A stop-limit order is a conditional trade that incorporates both a stop price and a limit price. It functions in two phases: when the stop price is reached, it triggers the order. Afterward, it becomes a limit order to buy or sell at the limit price or a better one.

In practice, suppose you want to buy a cryptocurrency only when it starts an uptrend. You can set a stop price as your trigger, and when the market price reaches this stop price, a limit buy order is placed in the order book. This allows you to buy at a price you are comfortable with. To limit potential losses when the price of a cryptocurrency falls, you can use a stop-limit sell order. When the market price reaches your specified stop price, a limit sell order is placed to protect your assets.

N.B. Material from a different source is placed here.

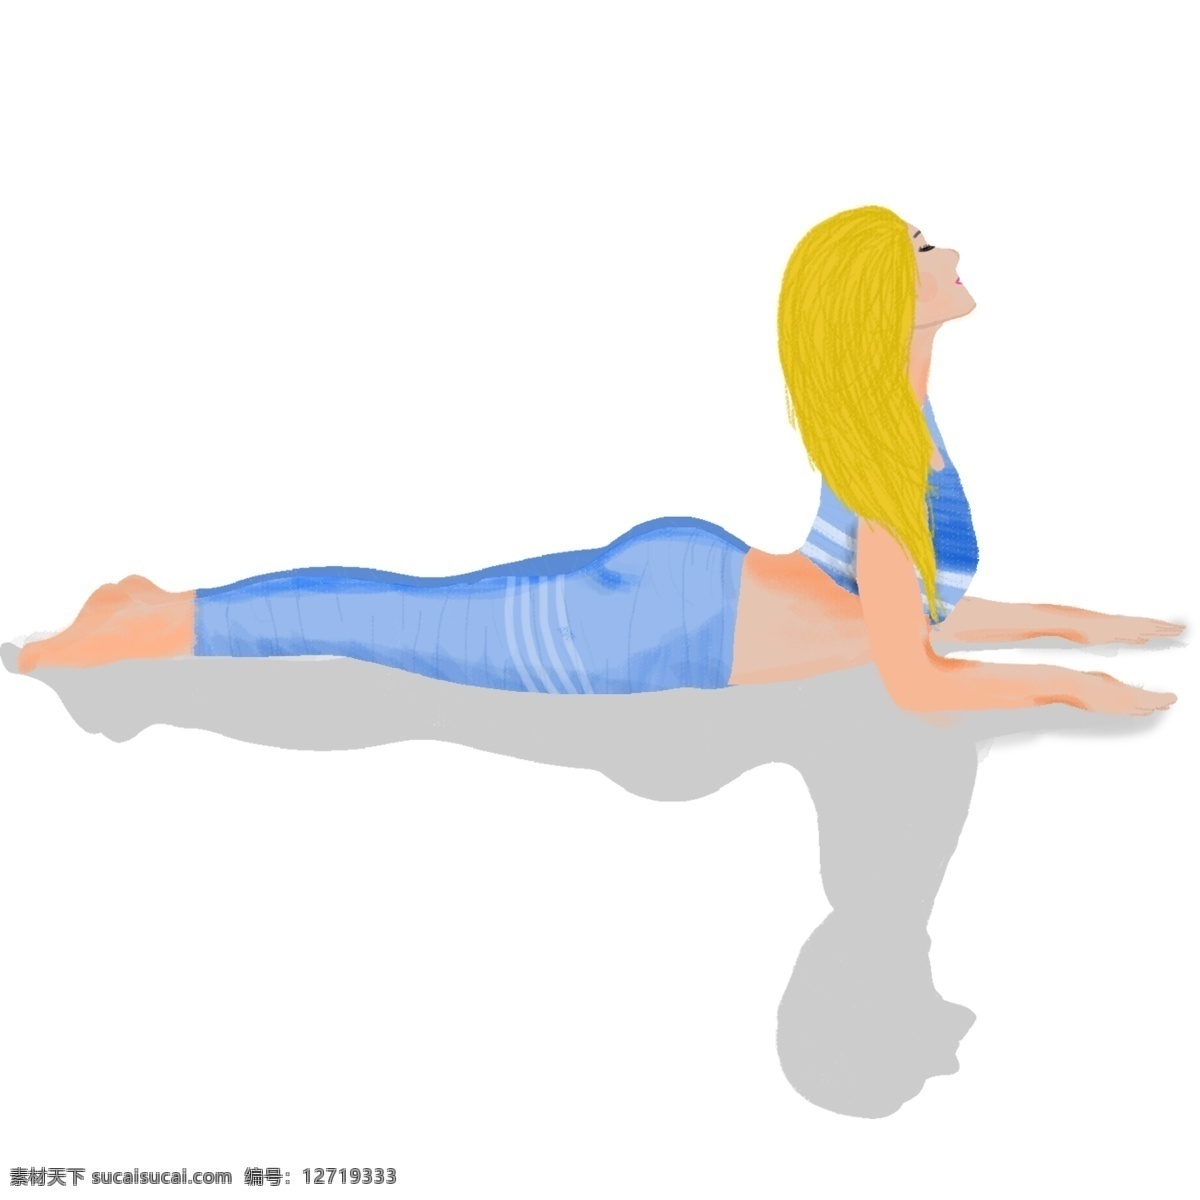 瑜伽 运动 人物 女孩 健身 手绘 绘画 卡通 简约 小清新 装饰 彩色

How to Place a Stop-Limit Order:

  1. Enter the trigger price, bid price, and order quantity.
  2. Select the trigger price as either the latest price or the market price.
  3. Click “Open Long” for a long order or “Open Short” for a short order.
  4. Confirm the order when prompted.

When to Use Stop-Limit Orders:

Stop-limit orders are valuable for managing risk and setting predetermined entry or exit points. They are especially useful when you want to ensure that your trade only executes if specific price conditions are met.

Stop-Market Order

Similar to a stop-limit order, a stop-market order utilizes a stop price as a trigger. However, when the stop price is reached, it triggers a market order instead of a limit order.

How to Place a Stop-Market Order:

  1. Enter the trigger price and order quantity.
  2. Choose the trigger price as the latest price or the market price.
  3. Click “Open Long” for a long order or “Open Short” for a short order.
  4. Confirm the order as prompted.

When to Use Stop-Market Orders:

Stop-market orders are suitable when you want to ensure swift execution once a specific price level is breached. They are effective in situations where immediate market entry or exit is crucial.

Wrapping Up

LBank Futures offers traders a range of order types to suit their specific trading goals and risk management strategies. Mastering these order types empowers you to navigate the cryptocurrency market effectively, adapt to changing conditions, and make well-informed decisions to optimize your trading success.

Please note that while these order types provide valuable tools for traders, they come with inherent risks, and it’s essential to conduct thorough research and risk assessment before engaging in cryptocurrency trading.

Disclaimer: Derivatives are often volatile, and as a result, can be a risky investment. The information provided in this article is solely for educational purposes and shouldn’t be regarded as financial advice.